24 SEPTEMBER 1977, Page 16

Paul's conversion

Sir: Some of us, and we are quite a tidy little company, who left the Labour Party, find ourselves looking at events quite differently to a cradle Conservative like Mr Grigg (Political Commentary, 17 September). Without discourtesy, the sort of philosophy which he has outlined in recent articles is not repugnant, merely non-existent. It is the Conservatism of the passive mode.

Edward Elgar, wanting to take a swipe at the established composers of his time, once remarked, 'There is a peculiar whiteness about English music.' So there is about the brand of politics which Grigg and the man he admires, James Prior, are content with. A closed shop slightly modified, an undertaking of future good conduct towards the trade unions, and a determination to adapt, to adjust, and show one's uptodateness. All this is applauded as 'moderate' whatever that cloudy abstract noun may mean, and contrasted with the frantic excesses of Sir Keith Joseph. But unless one believes unintelligently that the perpetuation of an organisation with the name 'Conservative Party', in or near office, is an end in itself, there is no case for such passivity. In fact such abject minimalism is utterly miscalculated anyway, since the alien policies taken on board actually repel support.

Either the Tories will listen to Keith Joseph or they will become steadily more flabby, and superfluous. If they can exhibit only a peculiar whiteness and then take on a pastel form of their opponents' colour, they will win elections only by default when Labour is unpopular, and what they will win will be office not power. They are in very grave danger of becoming what Bagehot called the 'dignified' part of the political spectrum.

Those of us who left Labour did so for a reason, that party's sustained retreat from personal freedom and its exaltation through the unions of group or corporate power. As a rider to this, most of us have very grave reservations about the kind of person who gets his hands on such power. There is no point then, no attraction, in a Conservative Party dancing the same tune in a more stately fashion.

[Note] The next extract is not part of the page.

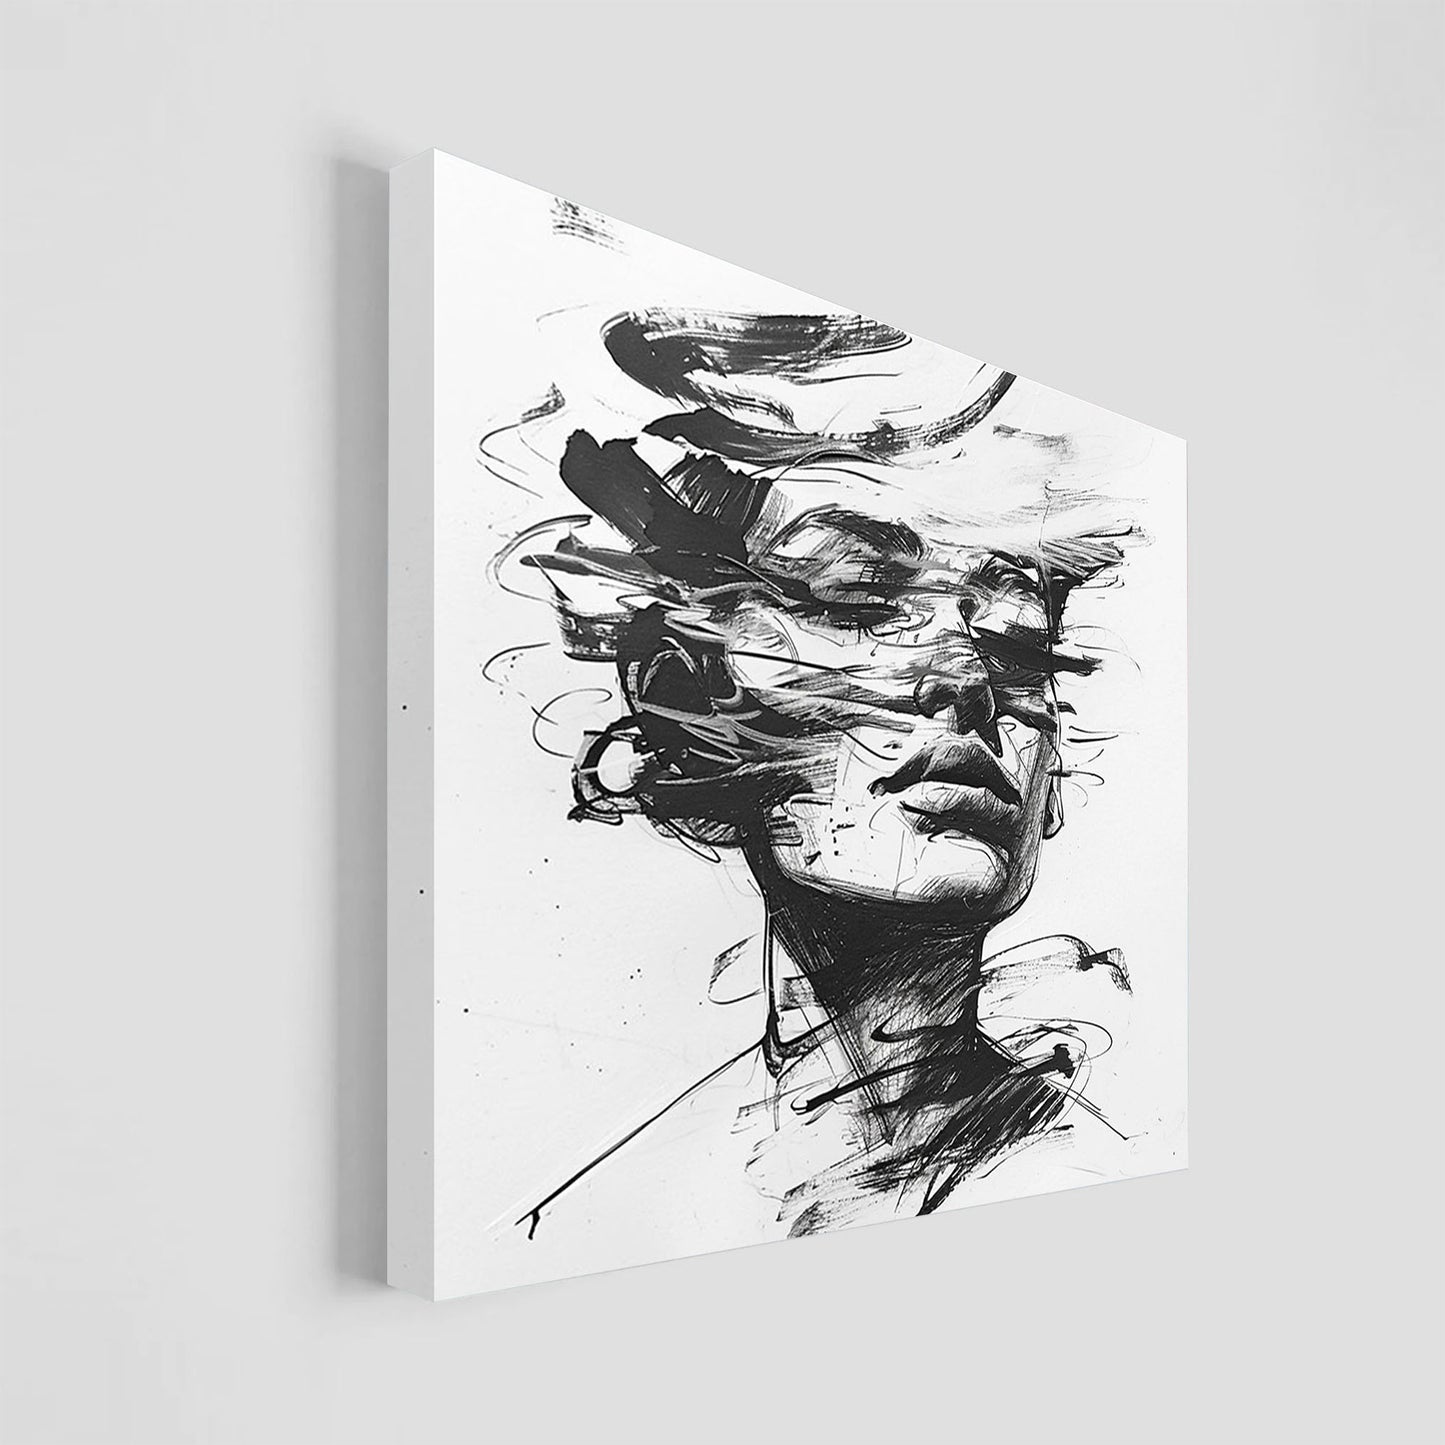 Ilustración en blanco y negro de un rostro humano rodeado por líneas dinámicas y abstractas, creando una sensación de movimiento.

Mr Grigg, rather in the manner of Sir Harold Wilson, puts the options in a very lurid manner. Words like 'confrontation' and 'outlawing the closed shop' turn up. Let me ask him if he is content that someone who wishes not to, should be made to join a group. Is he content that a man who refuses can be, and actually is, stripped of his job by a coerced employer? What is wrong about the right of an employee to have both his job and his opinions?

What is so iniquitous about Grigg's outlook is that he portrays these freedoms as vaguely irresponsible, and a committed belief in them as being `right-wing'. Now easily the most right-wing politician to operate in this country according to my book was Mr Edward Heath, an autocrat, a bully of the weak and a most humble supplicant to the strong t Grigg asks why Johnson loathes the man. Johnson will be able to answer that, but I can make a fair guess. By a combination of personal arrogance, appalling judgment and plain funk he went a long way towards destroying this country. He is simply not in the English tradition. He believed in aggressive quasiadministrative rule, and raised one civil servant up to a position of political power without precedent. And yet he was the iron blancmange of politics, a weak man striking heroic attitudes.

Now if the Conservative Party is going to be like that in the future, there is simply no occasion to vote for it.

There is however, no reason why it should be. The whole virtue of Sir Keith Joseph's attitude to politics is that it tends to deprecate any unnecessary exercise of power. It does not suppose that by some exercise of personal will-power, water can be made to run uphill. It has a great deal to do with leaving people alone. To his eternal credit, Joseph has actually said about his own expansion of the Health Service papermill: 'I was wrong'. I am not surprised that Sir Keith upsets people. He 'is making the Tory Party think! He is undermining the cartel of non-apologising non-explaining politicians in a way which would do Freddie Laker credit. Nothing is more depressing than the pure party man who admits to no serious errors, and asks no questions of himself. If Mr Heath, instead of raising the phrase 'Not at all' into a personal litany, had ever told us why he was moving through 180 degrees, he might have had a clearer idea himself.

This is a major objection to corporatism. It does not care for argument. Instead it substitutes public relations operations called 'Great Debates', when policy has already been determined, but the Government doesn't have the public courage necessary for its private arrogance.

Grigg speaks about Gaullist corporatism as if that were something for us to admire. But what in heaven's name is there to say for that miserable regime and the sonorous old charlatan who presided over it?

In short, I am indisposed to accept Mr Grigg's own view of politics as the moderate, progressive thing he sincerely believes it to be. He has the wrong heroes, is far too fond of groups and is rather given to what Orwell called 'transferred Nationalism'. We already have an authoritarian party of the left waiting for Callaghan and the IMF to move on. We do not need an authoritarian party of the right, talking about 'collective restraints' and 'corporate loyalty and discipline'. It would break and it would deserve to break.